I didn’t get up to check out the snacks in the galley. That’s a function both of not being hungry so late and before breakfast, and also that cabin crew clearly didn’t want the disturbance of passengers around. In fact they set up the forward lavatory door to show occupied throughout the flight even though nobody was in it, and sent passengers who approached to wait for it to the back of the cabin. One kind flight attendant let my wife bring our daughter into that lavatory, since we were in row 1.

Breakfast was standard British Airways, and I opted for the British breakfast although I’m not a fan of what passes for sausage although I do appreciate the hash brown. Here was the menu:

And the brekfast:

Beyond the seat, and having a non-stop flight to Europe from Austin, the other positive for the flight is BA’s fast internet service. It worked consistently well, at good speed. It was obviously not Panasonic!

We wound up making up about 35 minutes of our delay and landed into Heathrow 25 minutes late. After parking at our gate, the crew announced that we had to stay in our seats and they would deplane by rows. BA is still hewing to their Covid procedure of announcing which rows could get up to take items out of overhead bins to reduce congestion in the aisles.

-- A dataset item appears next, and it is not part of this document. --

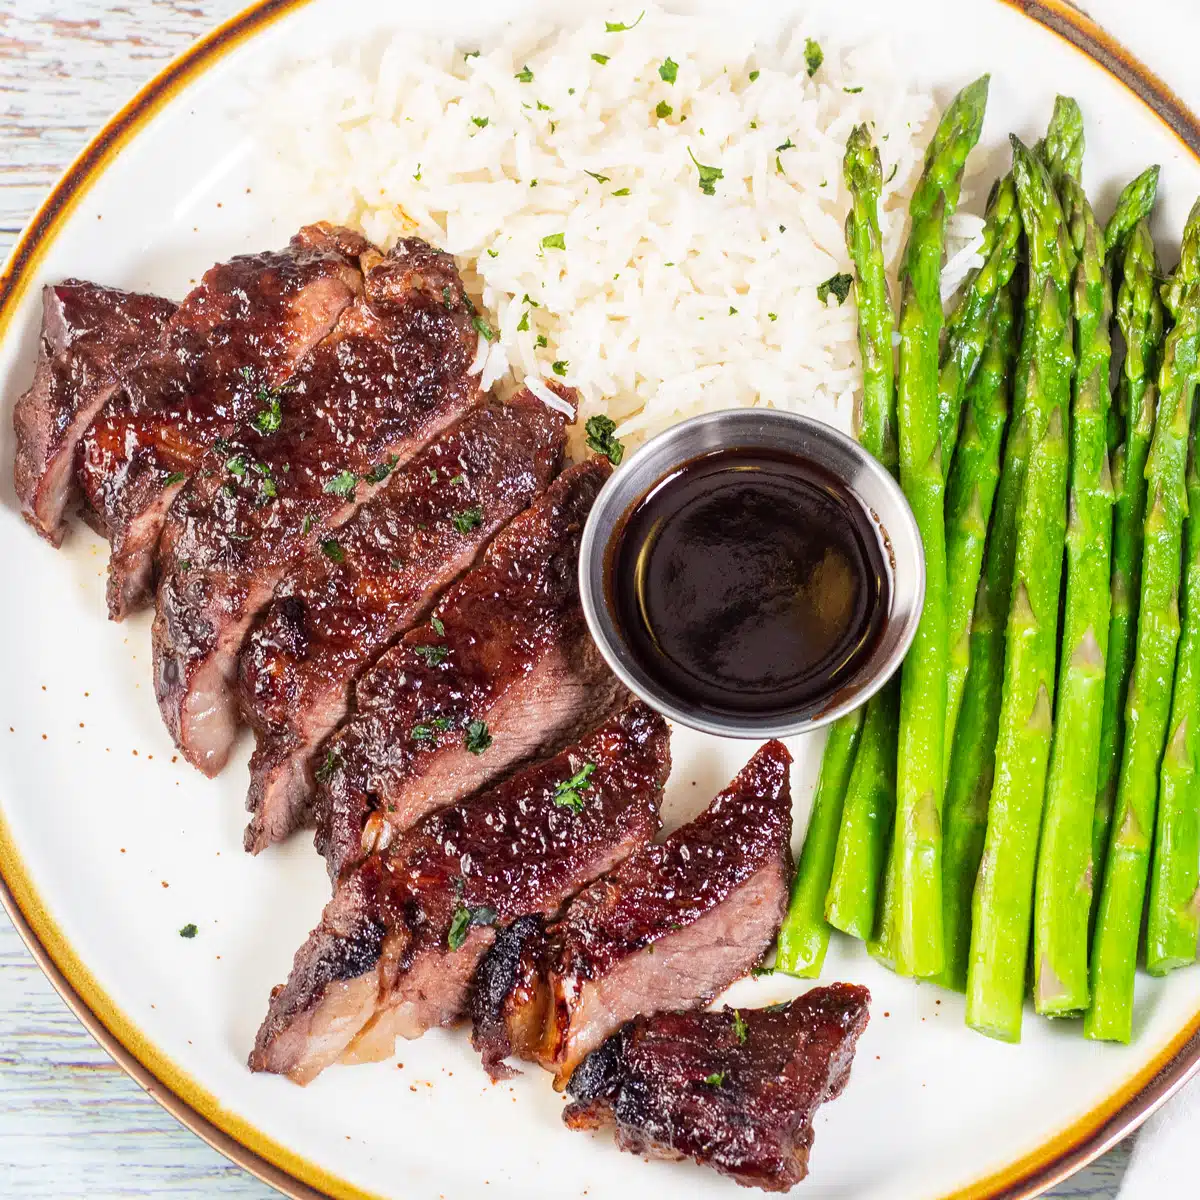 Square image of baked boneless short ribs on a plate with asparagus, rice, and sauce.
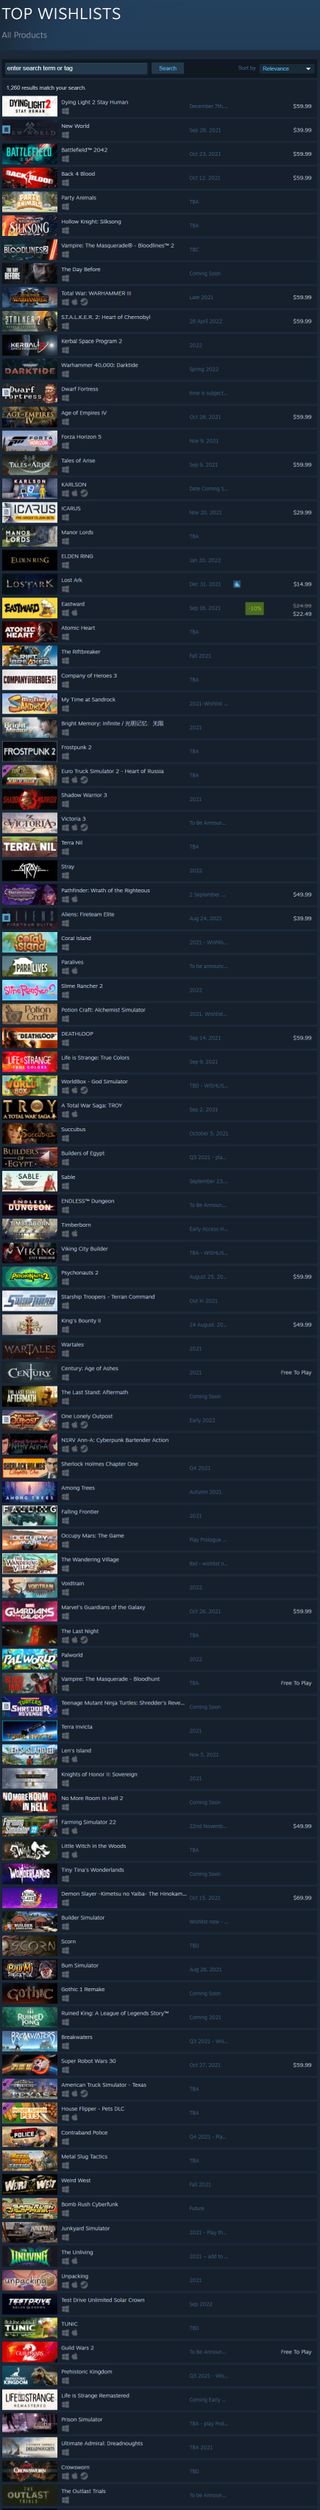 A list of the top 100 Steam most wishlisted games, as of August 23, 2021.

There were two things rather odd about this. First, though all of business class was invited to get up first, business passengers were specifically admonished not to get up when the seat belt sign went off and instead to wait the 3 to 4 seconds until being asked to get up. Second, flights arriving at bus gates have passengers held back for deplaining in order to crowd into a bus – and loading the bus takes longer as a result, so they’re packed together onboard for even more time this way.

Though fast track was announced on board, fast track connections was closed. Connecting security is always a mess at Heathrw but even more so without priority queueing.

Club Europe (business class) on the connection is of course Ryanair legroom with a blocked middle seat.

Catering though was tastier and fresher than my two meals on the long haul flight in business although it’s time for BA to change up their selection.

Ultimately a much-improved seat and fast internet make British Airways business class an excellent way to cross the Atlantic. Cabin crew service and meals though needed a lot of work. Delay communication should have been much better as well.